The Specific Aims & Hypotheses (H) are:
Aim 1 & H1 - To determine the underlying molecular mechanisms causing the increased in vivo lipolysis flux in the abdominal and gluteal SAT depots of obese with High VAT/(VAT+SAT) compared to BMI, age, and gender matched obese youths with Low VAT/(VAT+SAT). H1: Increased WAT lipolysis in obese youth with High VAT/(VAT+SAT) will be associated with decreased insulin-stimulated insulin receptor kinase (IRK) phosphorylation leading to increased ATGL, CGI-58, PLIN1 and HSL phosphorylation.
Aim 2 & H2a- To test whether increased rates in gluconeogenesis (GNG) associated with the excessive WAT lipolysis in the SAT contribute to hepatic IR in obese youths with High VAT/(VAT+SAT) compared to BMI, age, sex matched obese youths with the Low VAT/(VAT+SAT). H2b- Increased rates of WAT lipolysis in obese youth with High VAT/(VAT+SAT) will correlate with increased rates of hepatic GNG, which in turn can be attributed to increased hepatic acetyl-CoA content as reflected by increased rates of ?-OHB turnover.
Aim 3 & H3: To determine the mechanisms mediating the temporal development of fatty liver we will test the hypothesis that changes in De Novo lipogenesis (DNL) over time will be associated with changes in fatty liver in obese youths. state-of-the?art Overall Approach: In lean and obese youth recruited for this study we will use a combination of cellular/molecular techniques (G.I Shulman), clamp+isotopes, MRI and in vivo measures of lipid fluxes (S. Caprio & N. Santoro) and adipocyte turnover (2H2O labeling method) (M. Hellerstein) in SAT depots.

Public Health Relevance

The best predictor of whether an obese adolescent will develop type 2 diabetes is Insulin Resistance, however its pathogenesis remains elusive.
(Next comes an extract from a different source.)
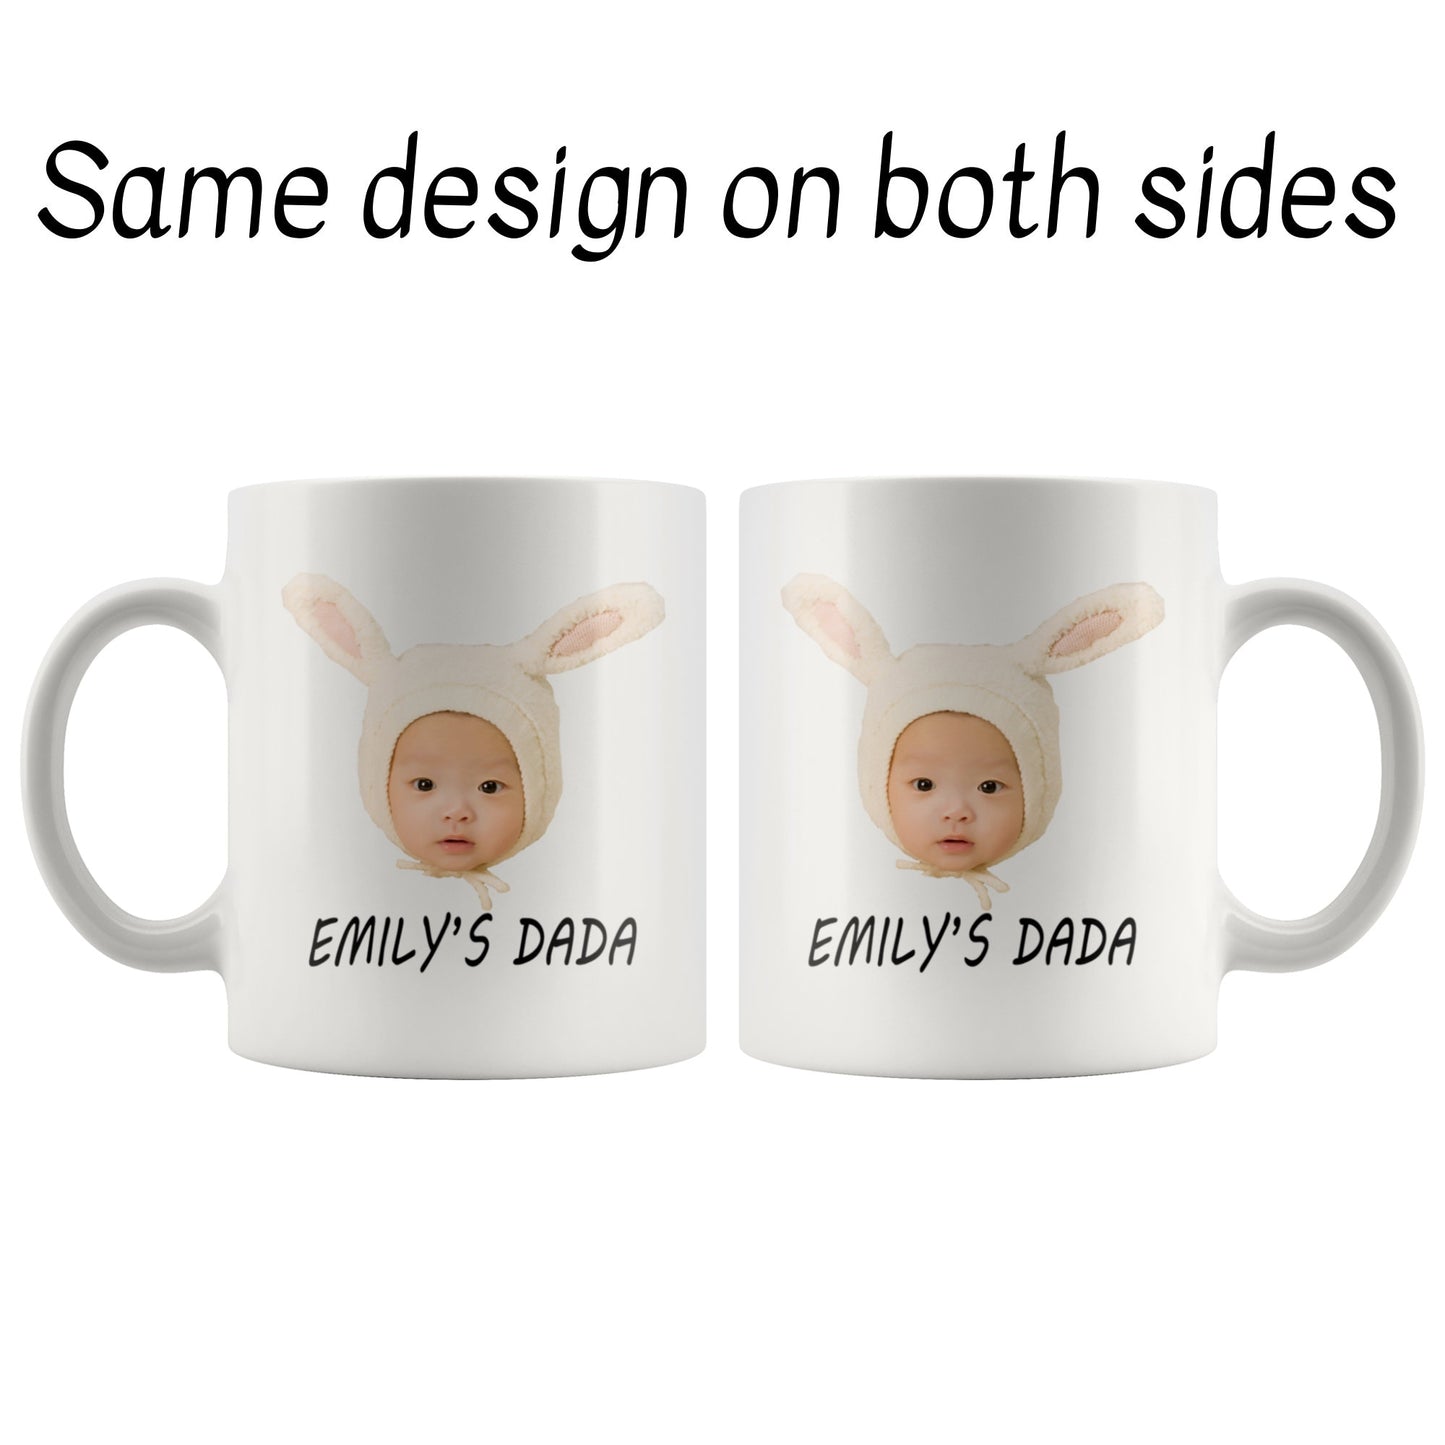 Baby Photo Mug pciture on both sides

Our previous studies clearly established the link between the impaired accumulation of fat in abdominal subcutaneous depot, fatty liver and peripheral insulin resistance in obese adolescents and, we found a greater release of fatty acids from the subcutaneous depots which is strongly linked with fatty liver. Herein, we will focus on determining what might cause the lack of insulin to suppress the release of free fatty acids, causing a perfect storm of insulin resistance to develop in obese adolescents.

National Institute of Health (NIH)
Eunice Kennedy Shriver National Institute of Child Health & Human Development (NICHD)
Research Project (R01)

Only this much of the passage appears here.